- [Work request] Transcribe each line below verbatim; pictures excluded.

** Data section follows **

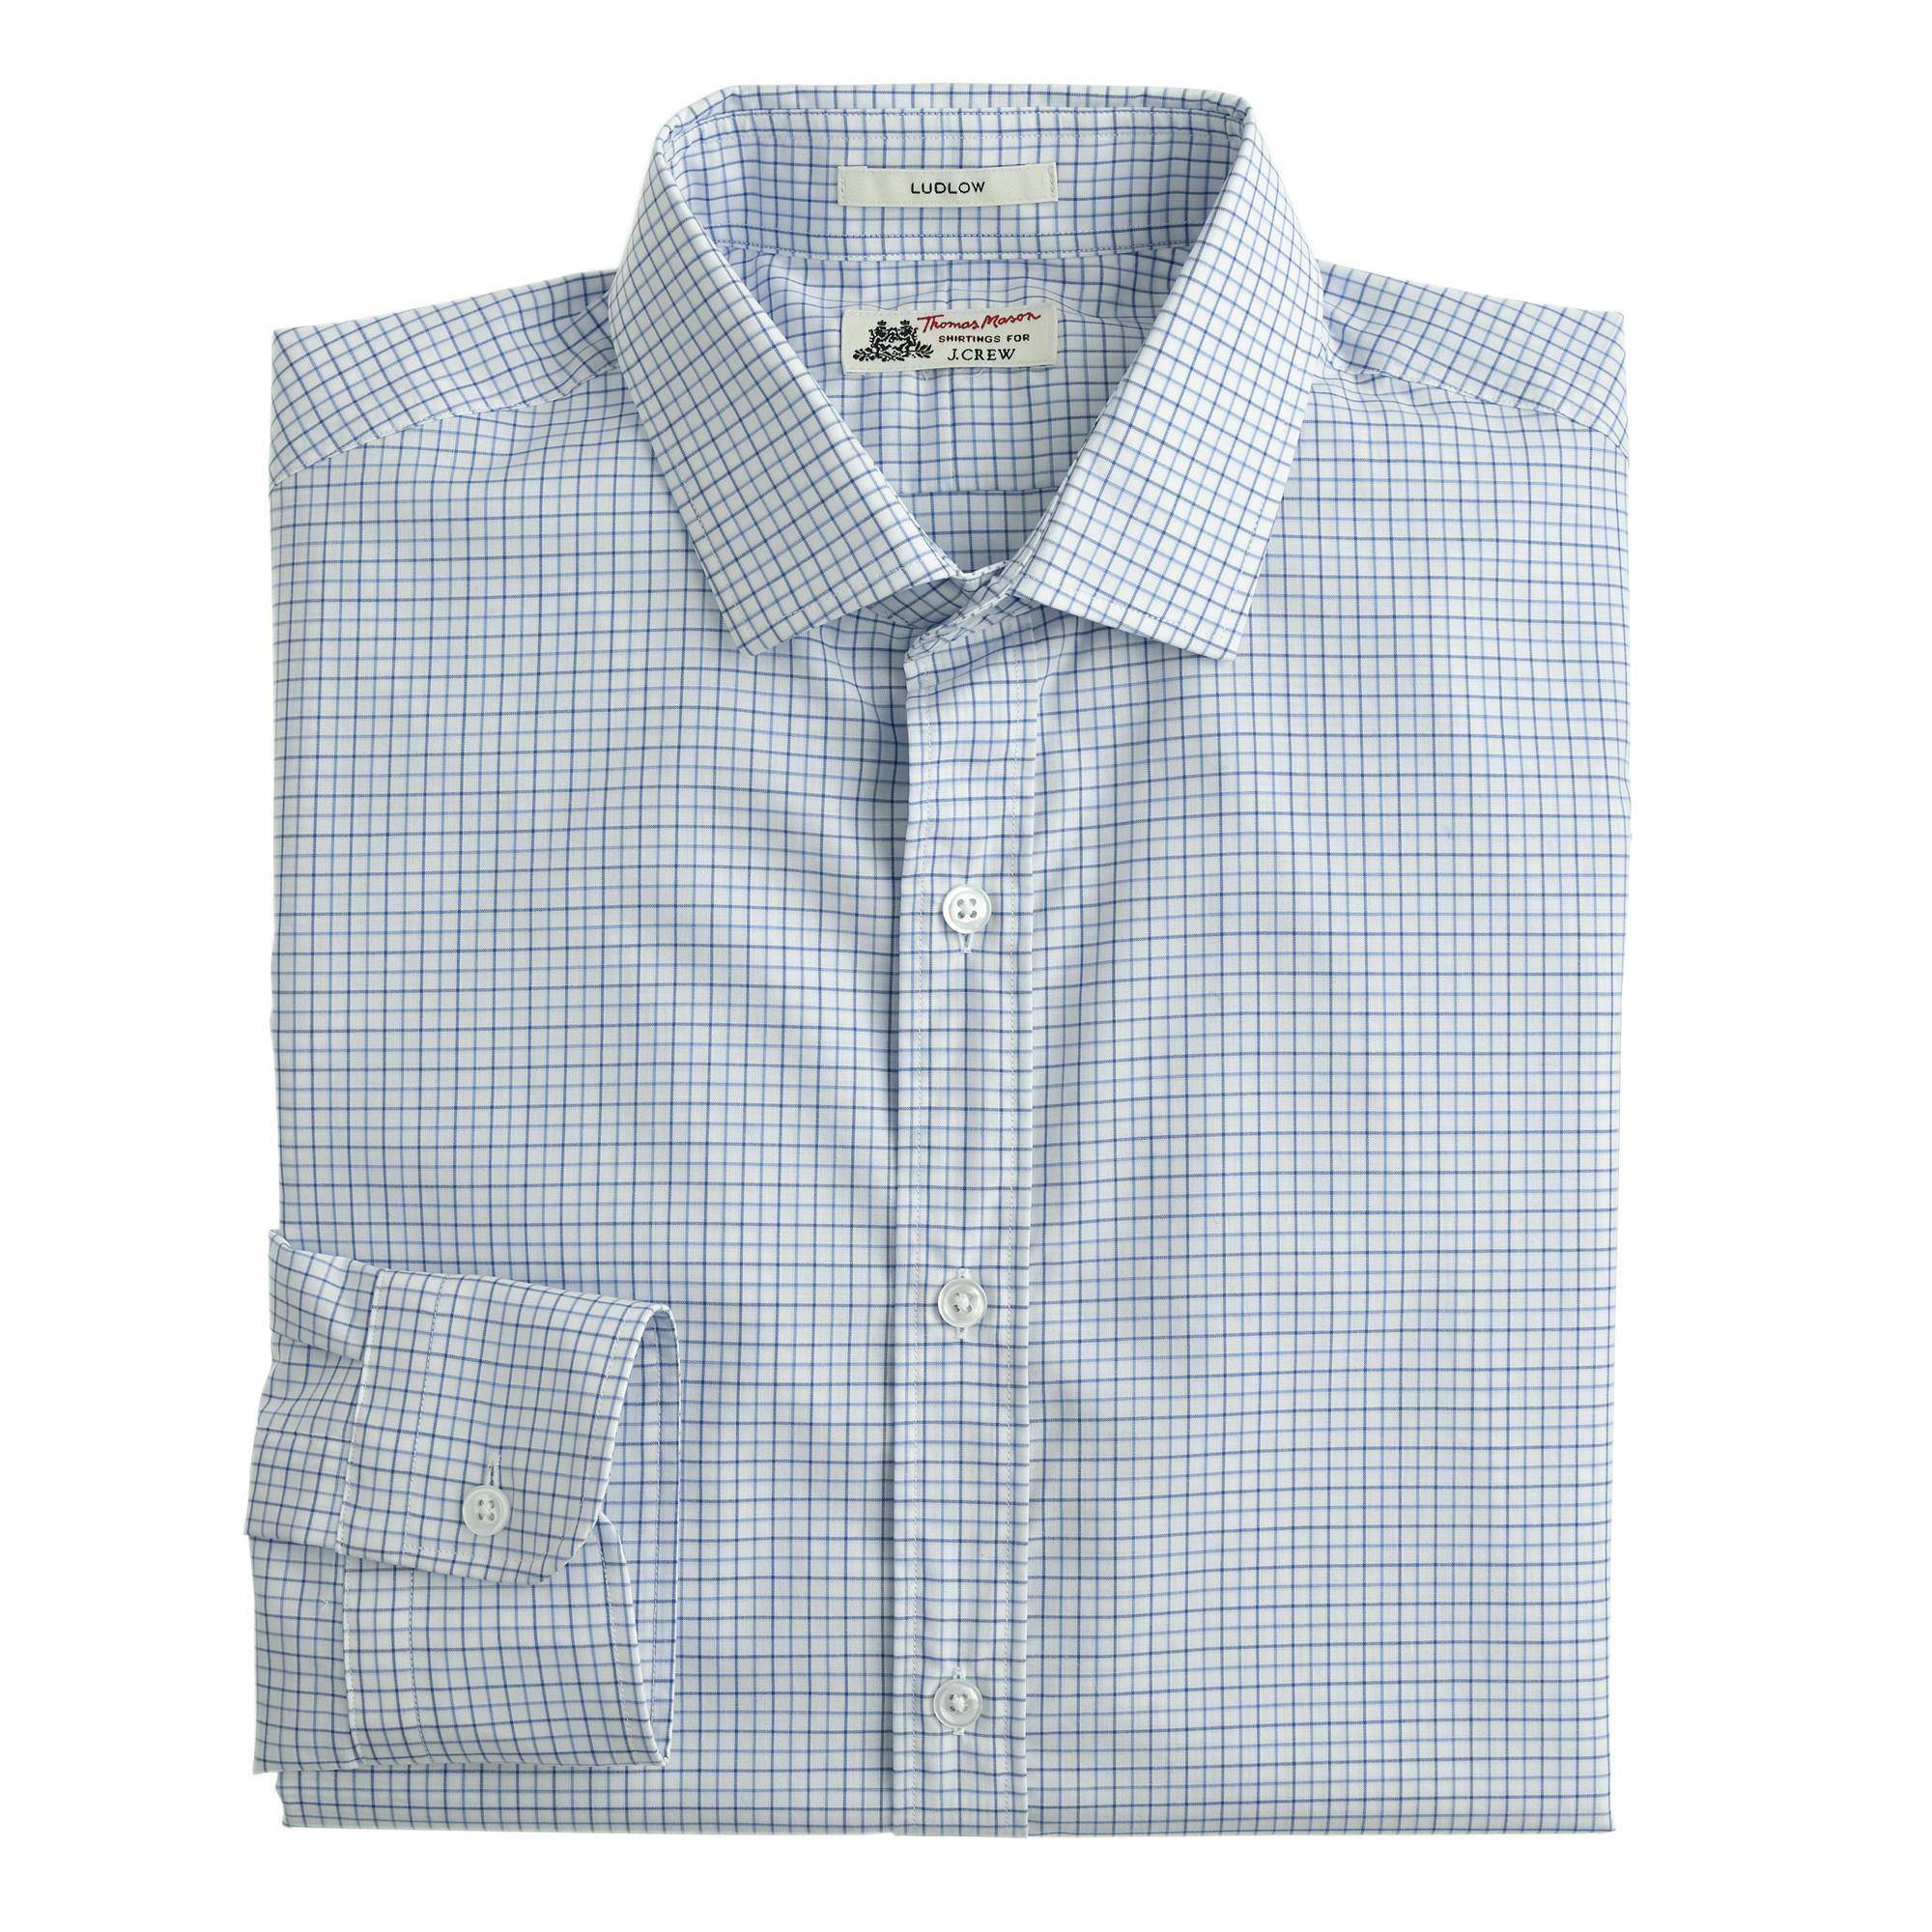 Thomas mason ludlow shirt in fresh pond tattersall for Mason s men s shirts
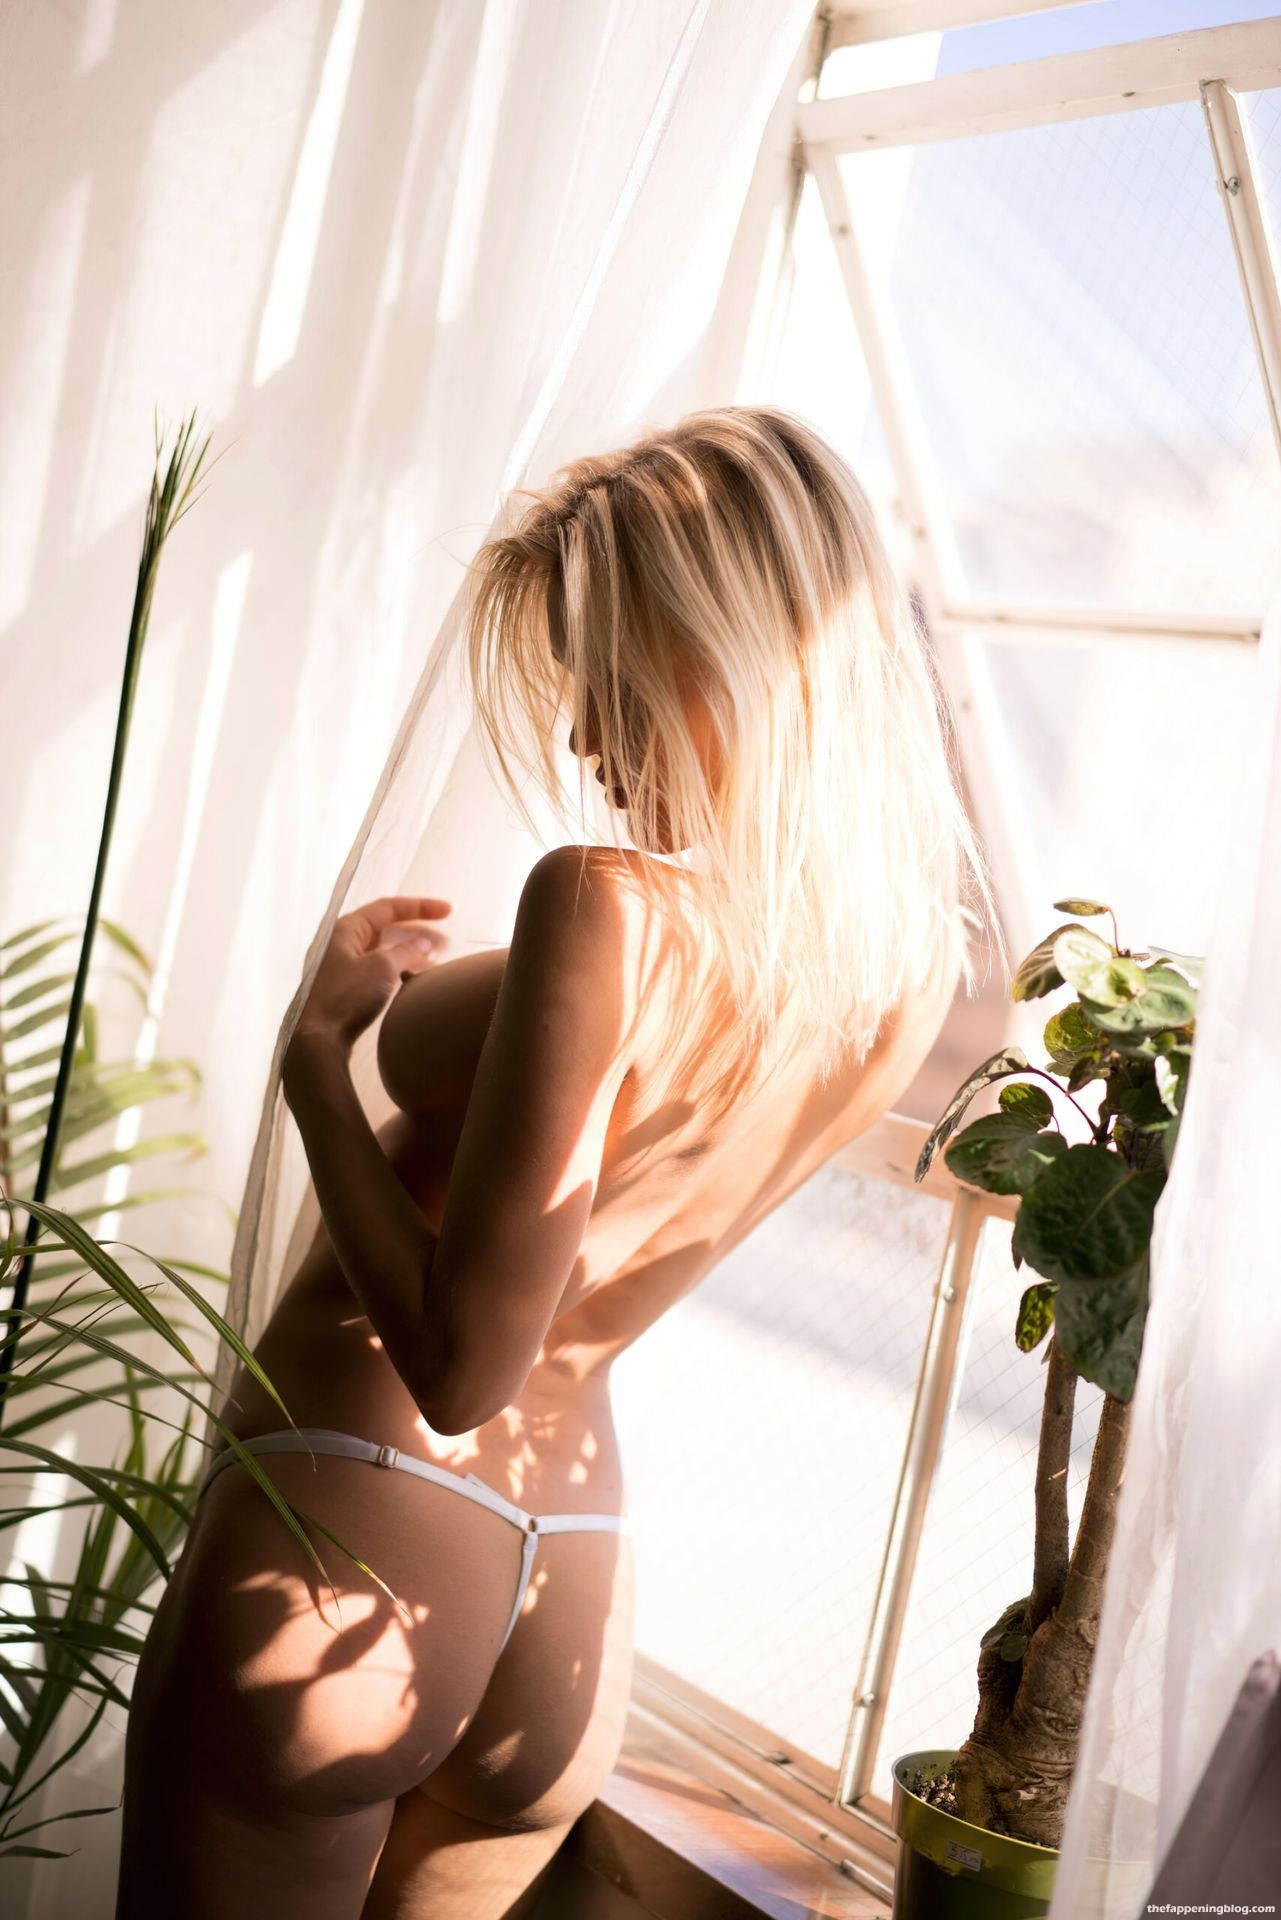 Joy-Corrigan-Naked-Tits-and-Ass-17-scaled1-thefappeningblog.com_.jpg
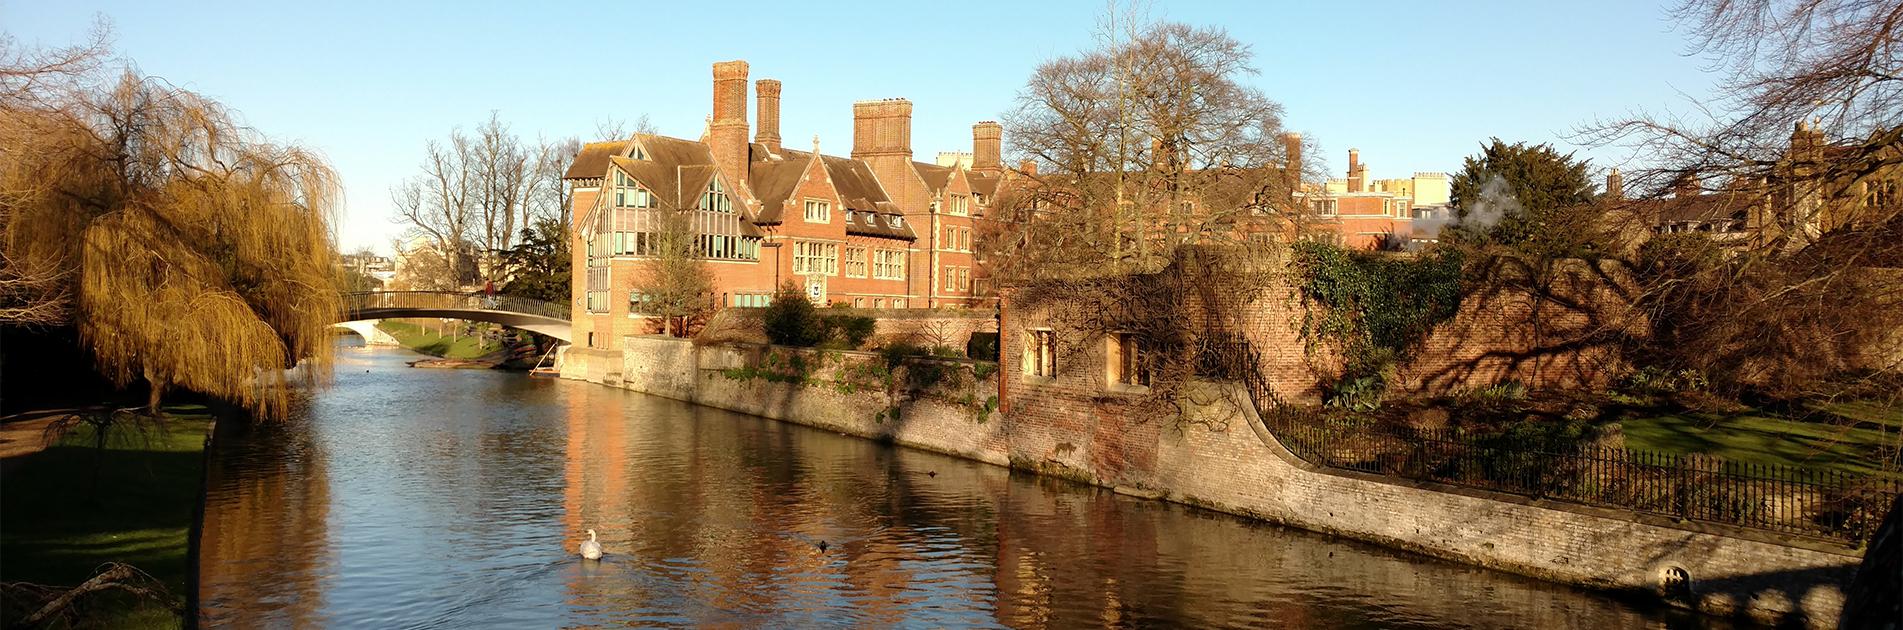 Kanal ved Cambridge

** End of Data section **

- [Result of the exercise]
 Thomas mason ludlow shirt in fresh pond tattersall for Mason s men s shirts
 Joy-Corrigan-Naked-Tits-and-Ass-17-scaled1-thefappeningblog.com_.jpg
 Kanal ved Cambridge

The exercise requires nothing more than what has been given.